Question No. 2: what about compatibility with VMWare vSphere
Since AMD EPYC’s native environment is “clouds”, all cloud-based operating systems support these processors without complaints and without limitations. And it’s not enough to just say that it " starts and works." Unlike Xeon-s, EPYC processors use chiplet layout. In the case of the first generation (7001 series), there are four separate chips with their cores and a memory controller on the common CPU body, and a situation can occur when the virtual machine uses computing cores belonging to one NUMA domain, and the data lies in memory strips connected to the NUMA domain of another chip, which causes an extra load on the bus inside the CPU. Therefore, SOFTWARE manufacturers have to optimize their code for the features of the architecture. In particular, VMWare has learned to avoid such distortions in the allocation of resources for virtual machines, and if you are interested in details, I recommend reading this article. Fortunately, EPYC 2 on the Rome kernel does not have these layout subtleties due to the layout features, and each physical processor can be initialized as a single NUMA domain.
Those who are beginning to be interested in AMD processors often have questions: how will EPYC interact with the products of competitors in the field of virtualization? After all, in the field of machine learning, Nvidia still reigns Supreme, and in network communications - Intel and Mellanox, which is now part of Nvidia. I want to give one screenshot, which shows the devices that are available for passing through in the virtual machine environment, bypassing the hypervisor. Given that AMD EPYC Rome has 128 PCI Express 4.0 lines, you can install 8 graphics cards in a server and throw them into 8 virtual machines to speed up Tensorflow or other machine learning packages.
Let's take a little lyrical digression and set up our mini-data center for machine learning needs with Nvidia P106-090 video cards that do not have video outputs and are designed specifically for GPU computing. And let evil tongues say that this is a "mining stub", for me it is a "mini Tesla", perfectly coping with small models in Tensorflow. Assembling a small workstation for machine learning, installing desktop video cards in it, you may notice that a VM with one video card runs fine, but to make this whole design work with two or more GPUs that are not designed to work in the data center, you need to change the initialization method of the PCI-E device in The VMware ESXi configuration file. Enable access to the host via SSH, connect under the root account:
and in opened file we should find
be sure it has (instead ffff it will be your ID’s of devices)
10de ffff d3d0 false
10de ffff d3d0 false
Then overload the host, add a video card in the guest operating system and include it.

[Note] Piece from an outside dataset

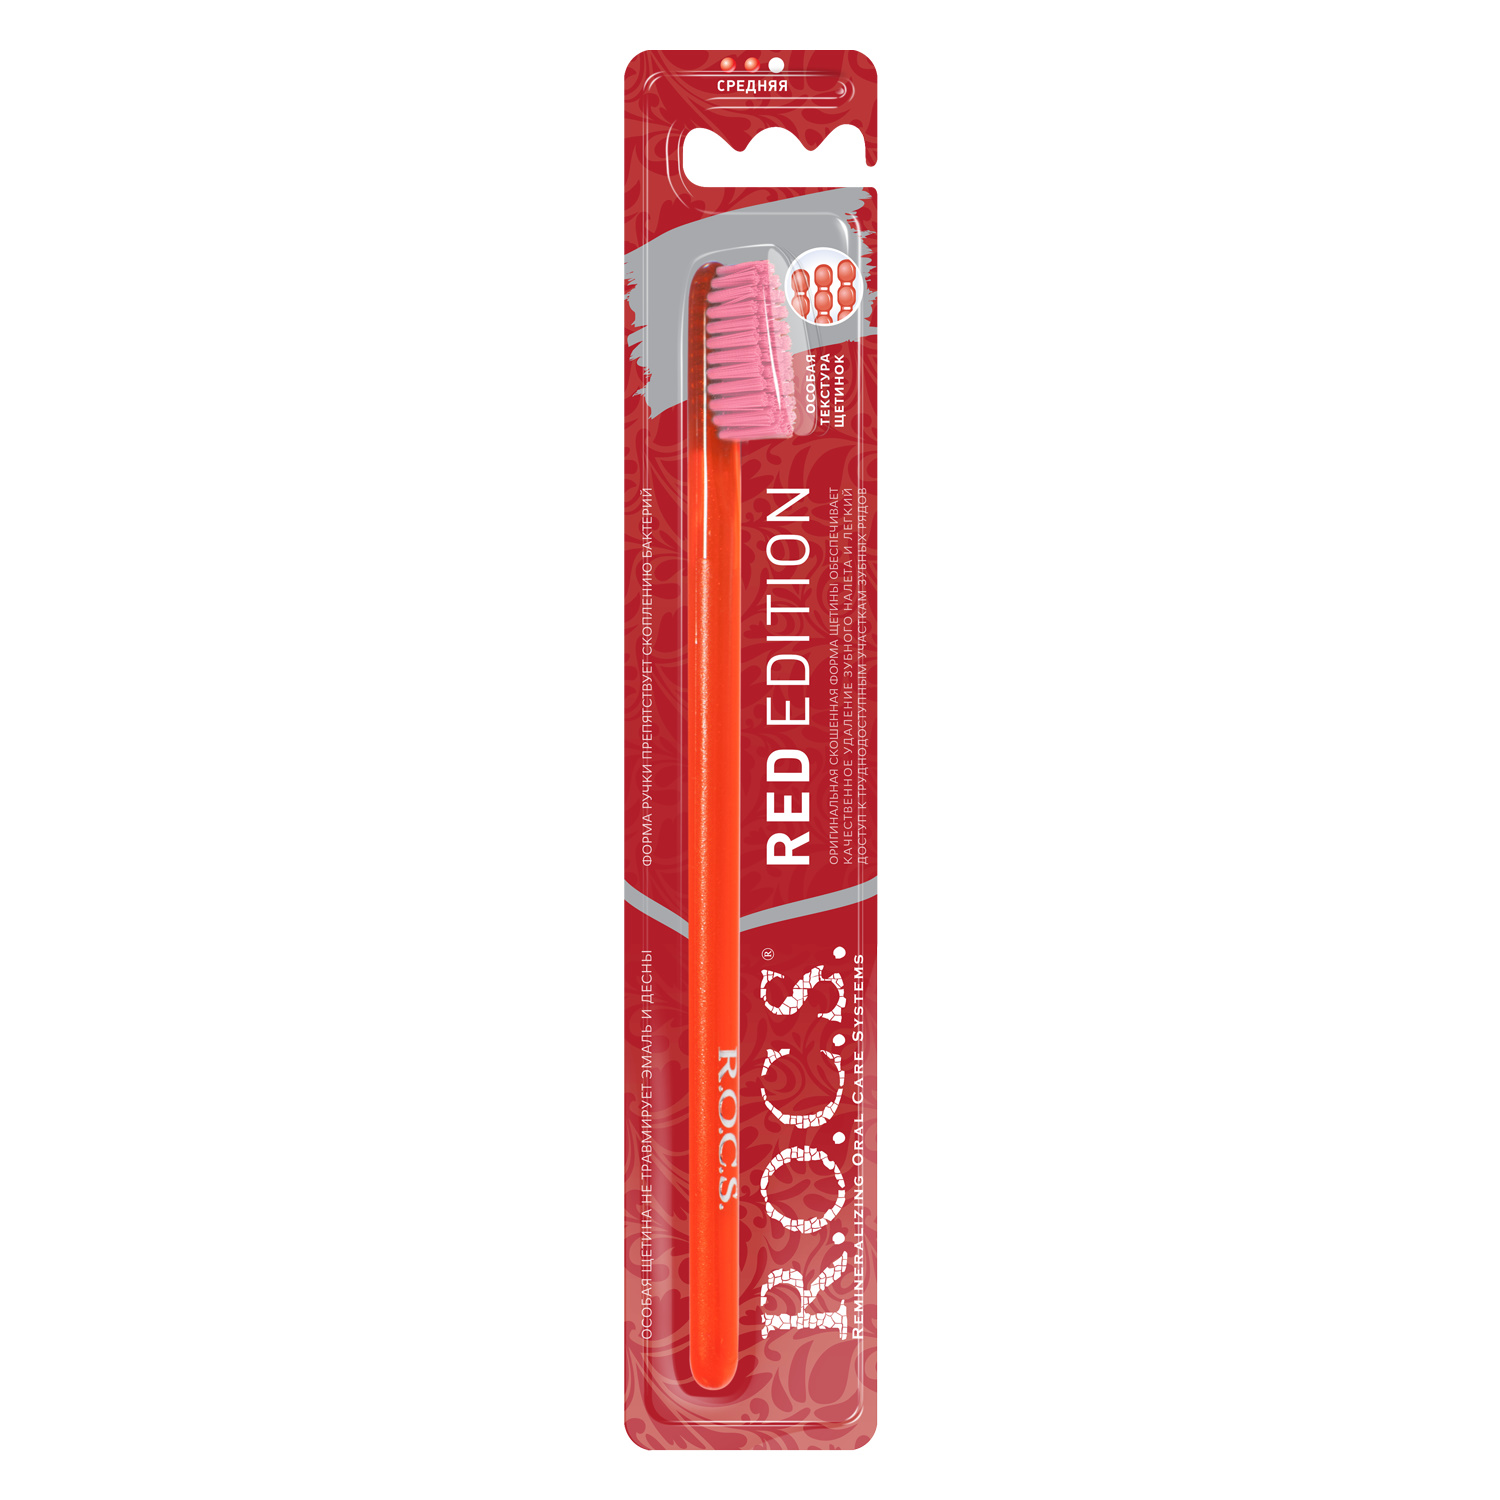 Зубная щетка R.O.C.S. Red Edition Classic цвет красно-розовый зубная щетка r o c s edition classic средняя в ассортименте

Install / run Jupyter for remote access “a La Google Colab”, and make sure that the training of the new model is running on two GPUs.
Once I had to quickly count 3 models, and I ran 3 VM Ubuntu, throwing in each one GPU, and accordingly on one physical server at the same time considered three models, which without virtualization with desktop graphics cards can not be done. Just imagine: for one task you can use a virtual machines with 8 GPUs, and for another-8 virtualok, each of which has 1 GPU. But do not choose gaming video cards instead of professional ones, because after we changed the initialization method to bridge, as soon as you turn off the Ubuntu guest OS with discarded video cards, it will not start again until the hypervisor restarts. So for home / office this solution is still tolerable, but for Cloud-data center with high requirements for Uptime-no longer.
But these are not all pleasant surprises: since AMD EPYC is a SoC, it does not need a South bridge, and the manufacturer delegates to the processor such pleasant functions as probros to the SATA controller virtualizer. Please: there are two of them, and you can leave one for the hypervisor and give the other to the virtual software data warehouse.
Unfortunately, I can’t show SR-IOV working in a live example, and there is a reason for that. I will leave this pain “for later” and pour out my soul further down the text. This feature allows you to physically throw a single device, such as a network card into several virtual machines at once, for example, Intel X520-DA2 allows you to share a single network port on 16 devices, and Intel X550 - on 64 devices. You can physically throw one adapter in one VM several times to poshamanit with several VLANs. But somehow this feature does not find much use even in cloud environments.